Lorsqu’on demande au Capt Odartey-Wellington s’ils devraient se joindre à la Réserve de l’Armée, sa réponse est : Faites-le. Pour toute sorte de raisons – premièrement, ça vous offre de nombreuses occasions de perfectionnement professionnel. Deuxièmement, vous aurez l’occasion de servir votre pays tout en demeurant dans votre collectivité. »

Il poursuit : « J’encouragerais également les gens qui sont arrivés récemment d’autres pays de se joindre. Ils devraient savoir que ces occasions existent et en tirer le maximum. »

Le Capt/Prof Odartey-Wellington profite pleinement de sa double carrière. Son emploi de jour lui permet de porter des chaussures habillées sur des planchers polis, tandis que sa carrière dans la Rés AC lui exige des bottes militaires sur des terrains boueux.

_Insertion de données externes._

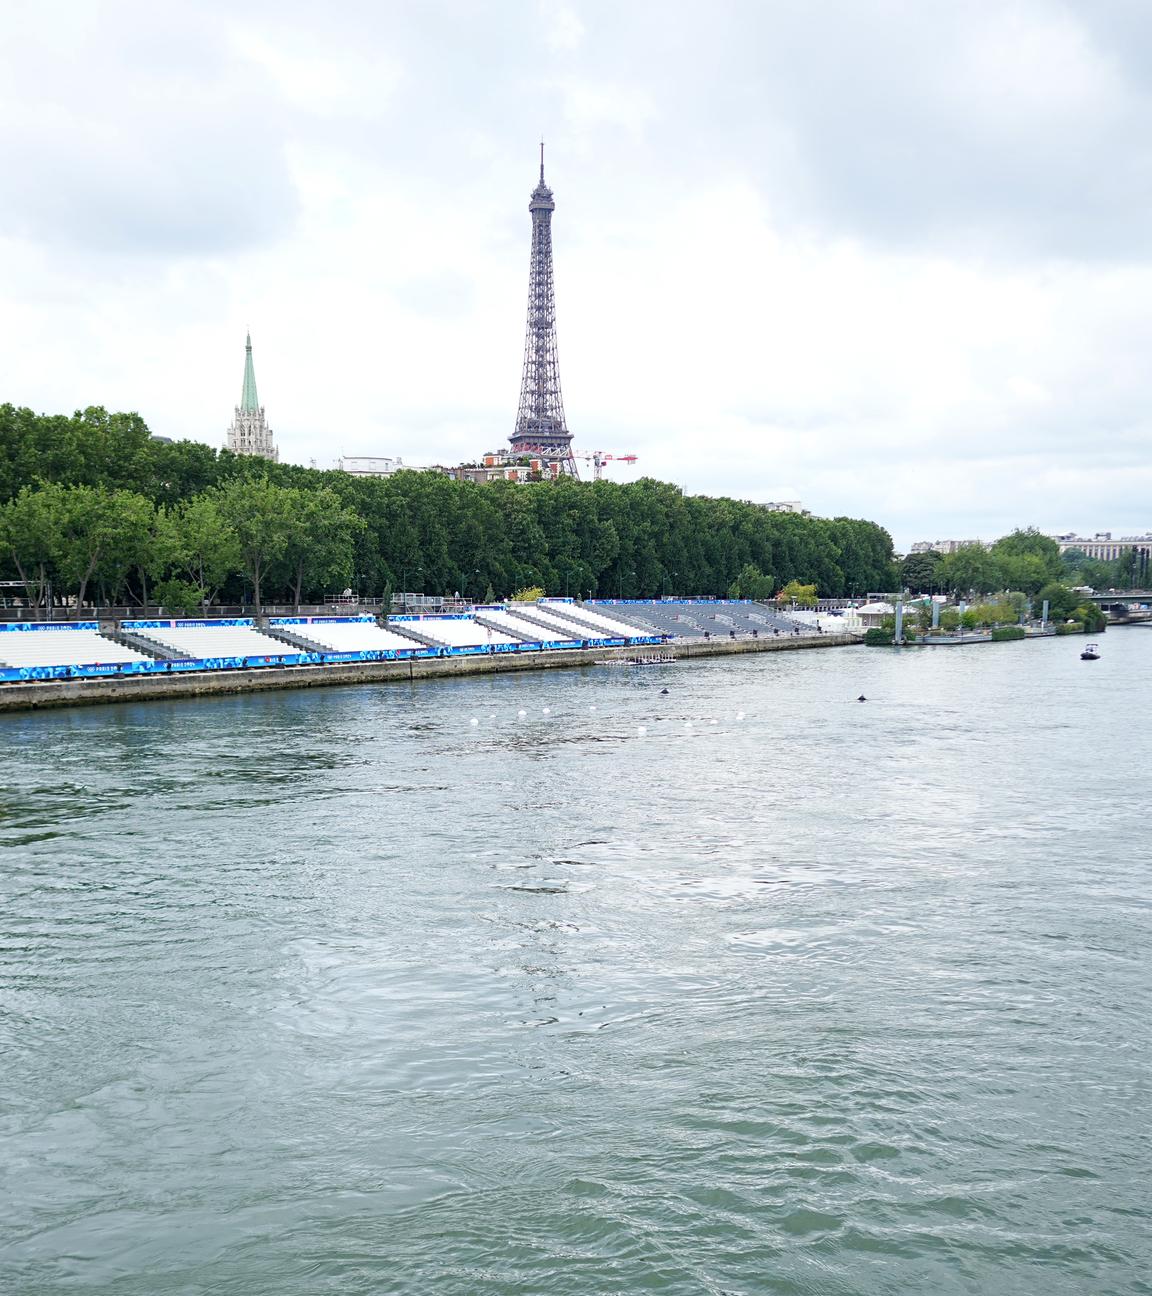 Olympia Paris 2024, Blick auf die Tribünen an der Seine. Hier sollen die Freiwasserwettbewerbe stattfinden. Im Hintergrund ist der Eiffelturm zu sehen.

 « Je n’ai jamais de fin de semaine ou d’été ennuyant! »

 

À propos du Ghana

La République du Ghana est un pays démocratique dirigé par un président qui est à la fois le chef d’état et le chef du gouvernement. Située le long du golfe de Guinée et de l’océan Atlantique sur la côte nord-ouest de l’Afrique, elle s’étend sur 238 535 kilomètres carrés et elle est habitée en permanence depuis le 11e siècle. Les Britanniques ont pris le contrôle du pays à la fin du 19e siècle et le Ghana est devenu indépendant du Royaume-Uni en 1957. Avec environ 27 millions d’habitants et une variété d’ethnies, de langues et de religions, la prospérité économique croissance et le système politique démocratique du Ghana en font une puissance régionale en Afrique de l’Ouest. Le Canada et le Ghana entretiennent de solides relations bilatérales fondées sur plus de soixante ans de coopération sur la scène internationale, notamment une collaboration en matière de maintien de la paix.